Propriospinal myoclonus (PSM) is a rare movement disorder characterized by sudden, involuntary muscle jerks, which falls under the broader category of myoclonus. Myoclonus describes a quick, shock-like contraction of muscles, but PSM is distinct because it originates specifically within the spinal cord rather than the brain. This unique origin means the jerks follow a particular pattern, often leading to it being misdiagnosed as other movement disorders. Distinguishing PSM from other types of myoclonus is important for appropriate management.
Understanding Propriospinal Myoclonus
Propriospinal myoclonus is primarily characterized by repetitive, arrhythmic jerks that largely affect the axial muscles of the body, such as the trunk, neck, hips, and knees. These movements are typically flexor, meaning they cause a bending of the trunk, but they can also be extensor in nature. A defining feature is the sequential spread of the muscle activation, which often starts in the midthoracic region of the spinal cord.

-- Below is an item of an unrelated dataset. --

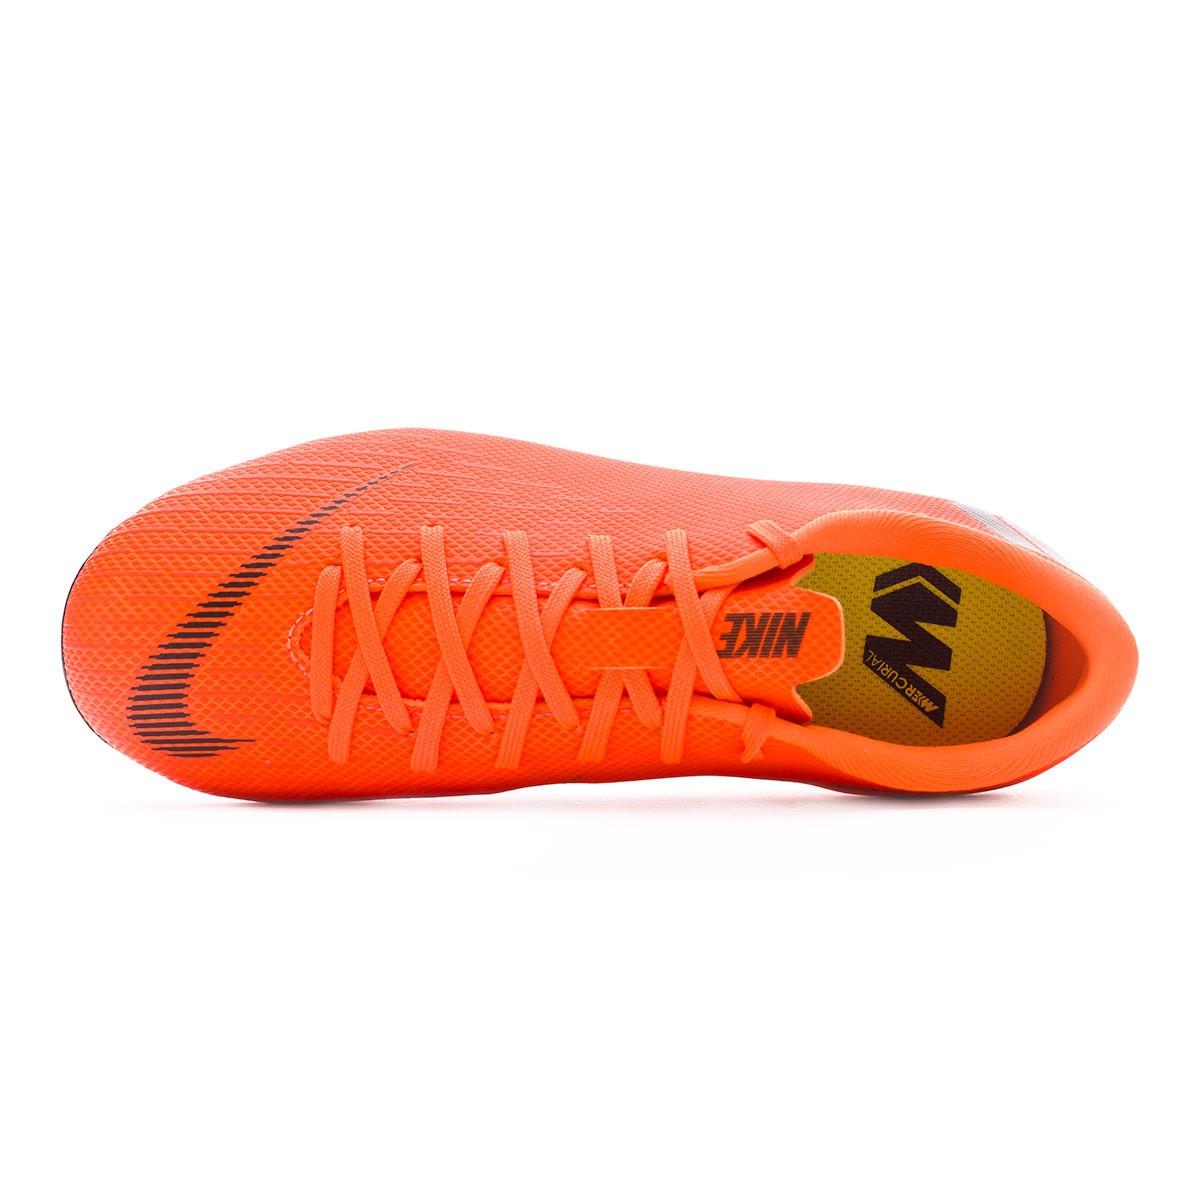 7b96aa5b7 Football Boots Nike Kids Mercurial Vapor XII Academy GS MG Total  orange-Black-Volt - Tienda de fútbol Fútbol Emotion

The involuntary jerks then propagate slowly either upward (rostrocaudal) or downward (caudorostral) to adjacent muscle groups. This characteristic sequential pattern distinguishes PSM from other forms of myoclonus. Patients often notice the movements increase when they are lying down, particularly during the relaxed wakefulness that precedes sleep. The jerking movements are usually painless and can sometimes be triggered by external stimuli or sudden movement.
The Spinal Cord Circuitry
The unique sequential movement of PSM is directly linked to the specialized network of nerve cells within the spinal cord known as the propriospinal tract. This tract is composed of long interneurons that run both up and down the spinal cord, acting as a specialized internal wiring system that connects different spinal segments. These interneurons are responsible for coordinating actions across multiple levels of the body, such as coordinating movement between the trunk and the limbs.
In PSM, an abnormal signal, or “generator,” is thought to become hyperexcitable, often starting in the thoracic spinal segments. This abnormal electrical impulse then travels along the propriospinal interneurons to adjacent segments above and below the initial point. This process is like a chain reaction, where the signal is relayed sequentially from one spinal segment to the next. The propagation of this signal is relatively slow, typically between 5 and 15 meters per second.
Identifying Associated Causes and Triggers
The cause of propriospinal myoclonus is often divided into primary (idiopathic) and secondary forms, but a large number of cases are now also considered functional movement disorders (FMD). In cases of secondary PSM, the myoclonus is linked to an underlying condition that affects the spinal cord circuitry. These associated conditions can include structural lesions, such as tumors or syringomyelia, or inflammatory processes like myelitis.
Other causes that can trigger secondary PSM include spinal cord injury (SCI), various infections, and exposure to certain medications. However, a significant portion of reported cases are classified as idiopathic, meaning no clear underlying cause is identified. Certain situational factors can act as triggers, such as sudden movement, stress, or various sensory stimuli.
Clinical Diagnosis and Treatment Approaches
The diagnosis of propriospinal myoclonus relies heavily on clinical observation combined with specific neurophysiological testing, particularly Electromyography (EMG). A multichannel EMG study is used to record muscle activity simultaneously across different parts of the trunk and limbs. The characteristic finding is the demonstration of the fixed, sequential muscle activation pattern, which confirms the signal’s origin in the spinal cord and its propagation via the propriospinal pathways.
The EMG may show a slow conduction velocity and a specific sequence of muscle firing, often starting in the thoracic muscles and spreading outward. Other tests, such as Magnetic Resonance Imaging (MRI), are often performed to rule out structural causes, like a spinal cord lesion or tumor. Pharmacological management typically aims to suppress the hyperexcitability of the spinal neurons.
The most commonly used medication class is the benzodiazepines, with clonazepam often considered a first-line agent for spinal myoclonus. Certain anti-epileptic drugs, such as levetiracetam and valproate, may also be attempted, although their success can vary. For highly focal or segmental jerks, botulinum toxin injections may be used to temporarily paralyze the specific muscles involved. Treatment is focused on managing symptoms and improving quality of life, especially since there is no definitive cure for the idiopathic form.